Sigue siendo un dolor de muelas para sus superiores, pero ni modo de correr a quien acaba de tripular un nuevo avión a velocidades mayores a Mach 10. Es entonces cuando le avisan que debe reportar de inmediato a su alma mater –la mencionada academia Top Gun– para capacitar, en sólo tres semanas, a una docena de jóvenes pilotos. Son los mejores de la nación (“réplicas” de lo que Maverick fue treinta y pico años antes), para encarar una misión (ejem) “imposible”: destruir una planta de uranio enemiga, con absolutamente todos los factores en contra. Uno de esos pilotos, por cierto, es “Rooster” Bradshaw (Miles Teller) –hijo de su añorado compañero Goose– con quien Maverick tiene una relación fracturada, marcada por el pasado. La tremenda complejidad de la misión hace que Maverick solicite ser uno de los combatientes y no mero instructor. Le contestan que no, nunca, que no hay posibilidad…¿o sí?

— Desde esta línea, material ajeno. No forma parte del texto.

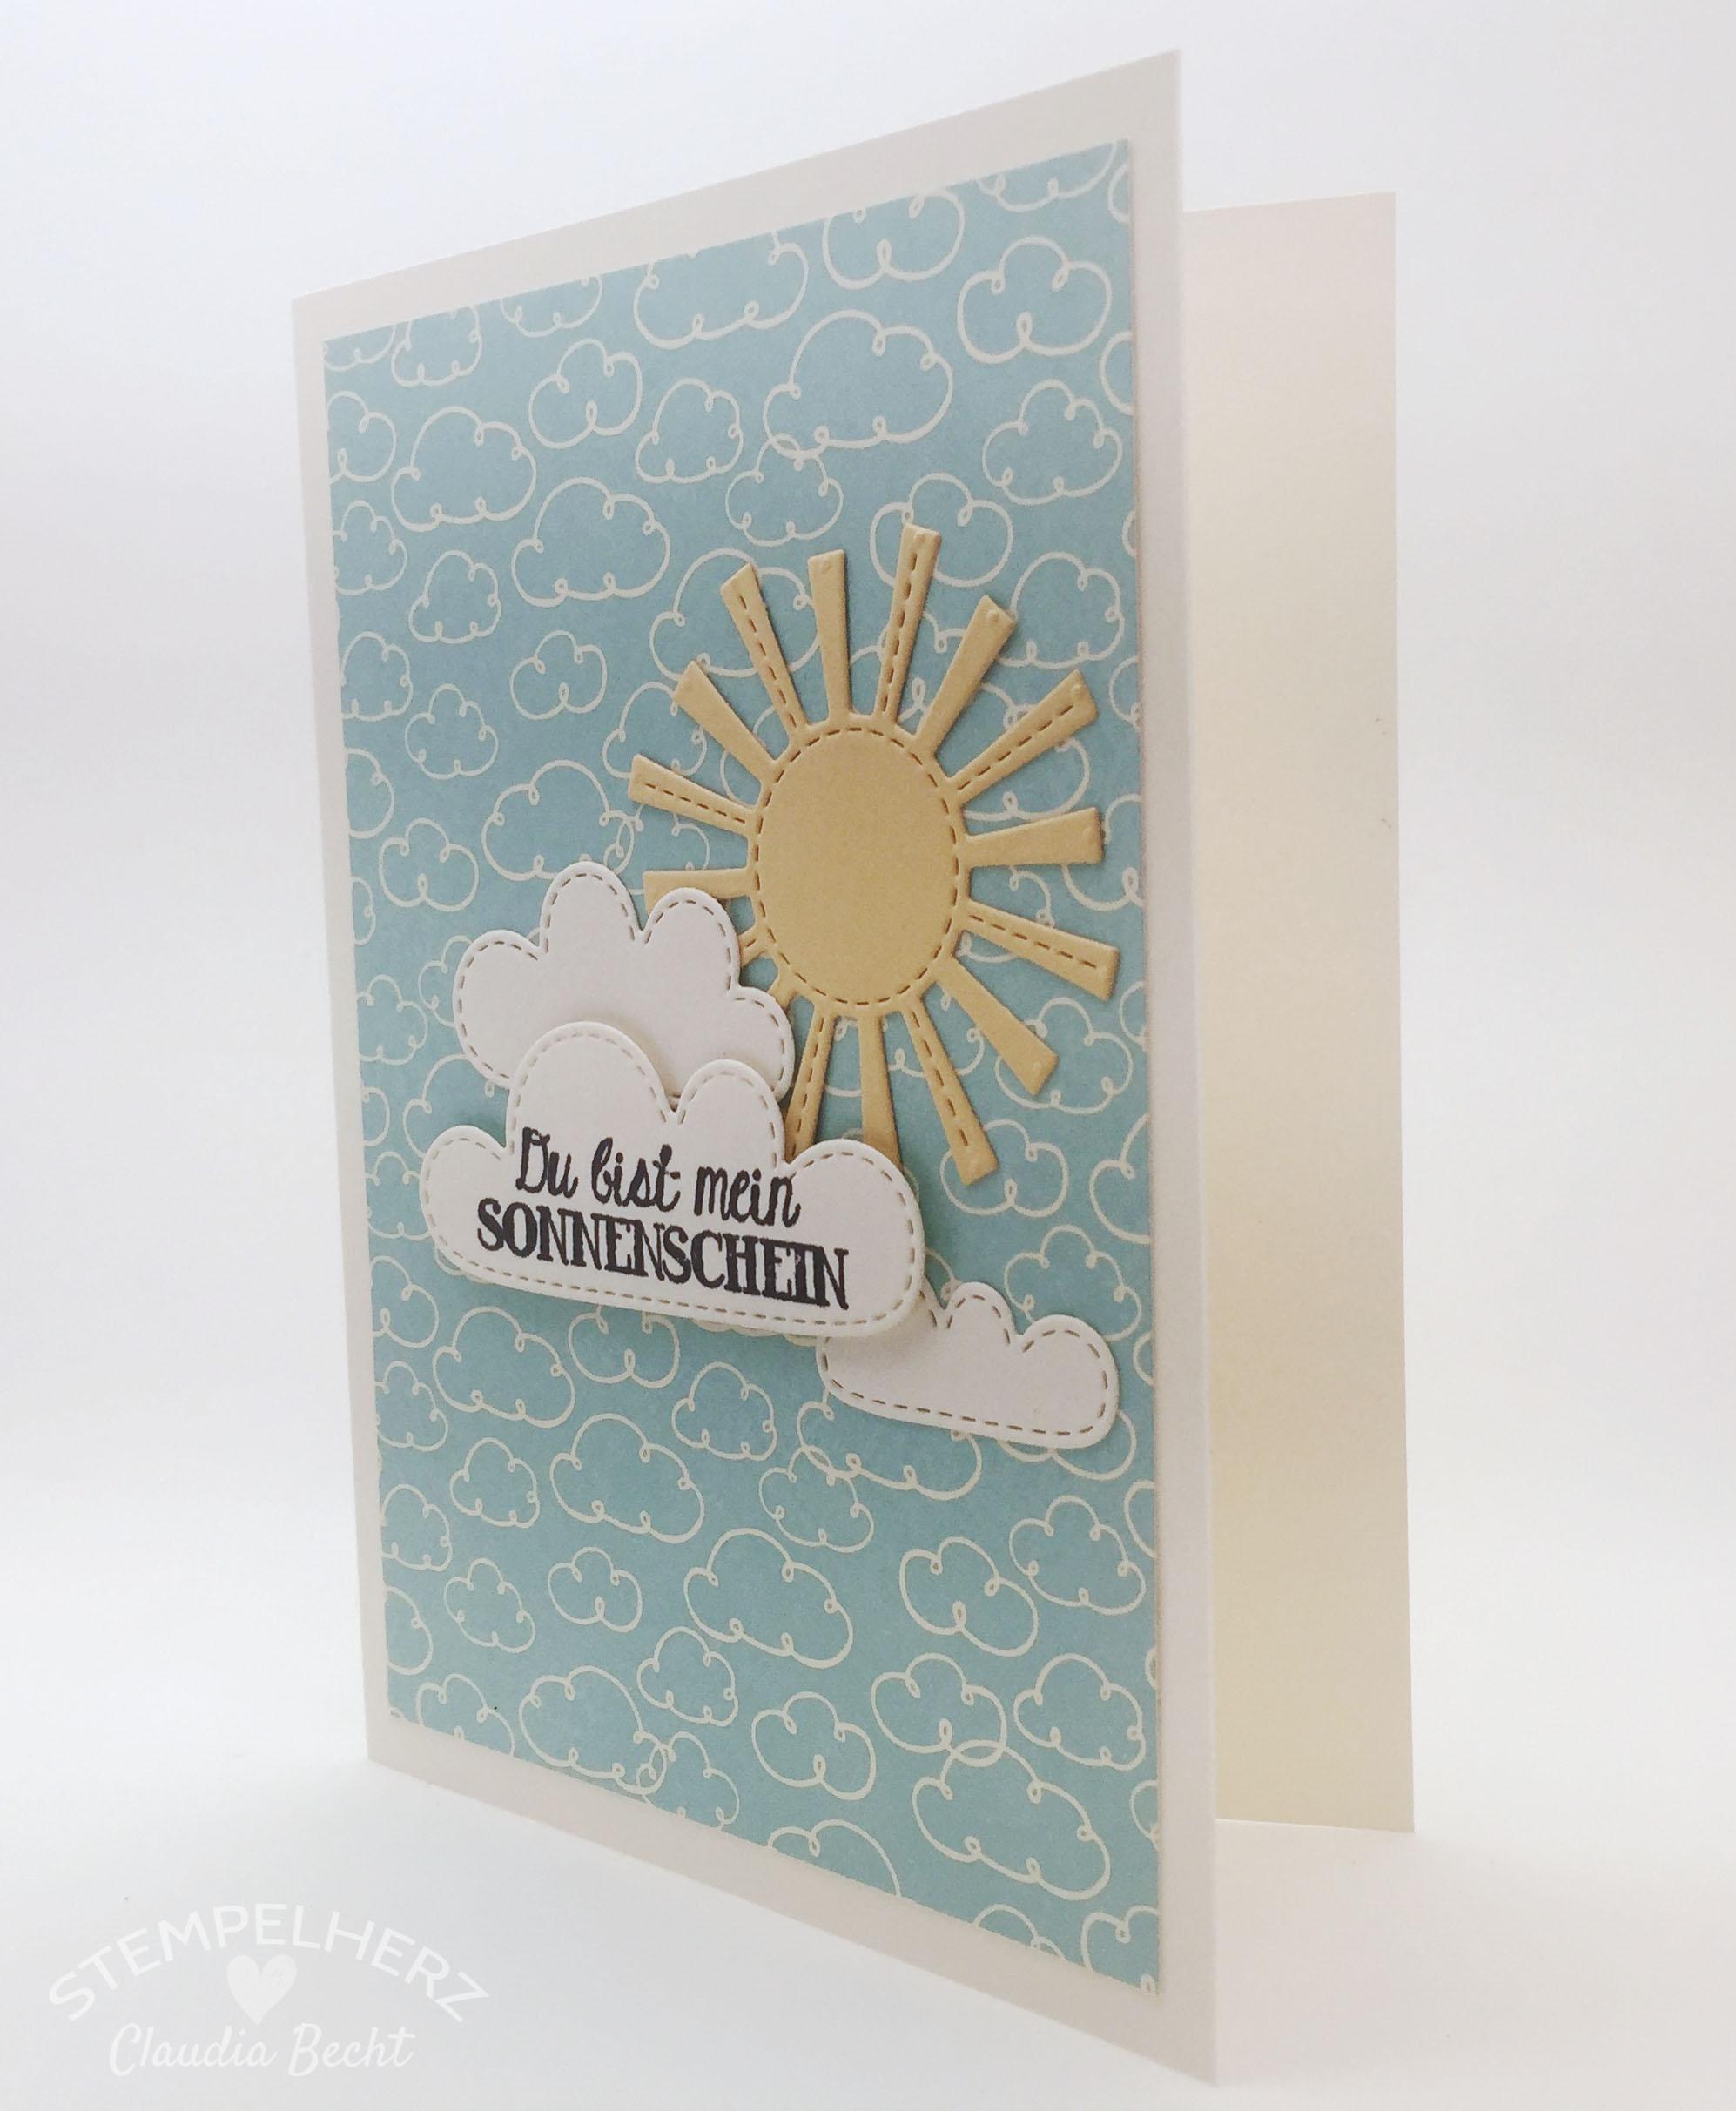 Stampin Up-Stempelherz-Grußkarte-Geburtstagskarte-Hinterm Regenbogen-Karte Du bist mein Sonnenschein 04b

Top Gun: Maverick es, desde luego, una de esas películas de fachada e intenciones comerciales, pero de rasgos y nivel sobresalientes. Un divertimento en la mejor acepción de la palabra, que tiene todo eso que el gran público busca –de entrada, una superestrella carismática y eventos espectaculares– pero también matices pensados sin gratuidad ni complacencia, que dan una dimensión mayor, más humana, a un argumento que no sólo se enciende arriba, en los celestes espacios de combate, sino también (de manera distinta) en tierra, en ámbitos paralelos a los de la academia y su disciplina militar. Top Gun: Maverick no ha buscado ser mejor que Top Gun, sino entender y valorar lo que significó, para aprovecharlo con un evidente dejo de homenaje. Así pues, ofrece una historia atrayente (sumando nuevos personajes a los que por oficio repiten), que no pierde de vista las claves de la original, tomándolas como nutrientes más que como meras referencias. Como dije, el resultado es muy atractivo, más allá de que a veces nos parezca, a quienes hacemos crónica fílmica, un “pecado” hablar bien de cintas pensadas para hacer toneladas de dinero. Aquí, el legado del film original, el arrastre y carisma de Cruise, el notable oficio del director Kosinski, la irresistible pirotecnia y vértigo de los combates aéreos, los vínculos afectivos con los giros del pasado, y hasta la madura belleza de Jennifer Connelly (Penny Benjamin), se conjugan para un disfrute bastante redondo, casi completo, desde un tipo de cine que en los análisis suele verse con mayor o menor menosprecio. En lo que a mí respecta, la pasé bomba en Top Gun: Maverick, incluso como para darle una mirada más. (Y “alguito” le sabrán a Tom Cruise en Cannes, porque recién le otorgaron una Palma de Oro).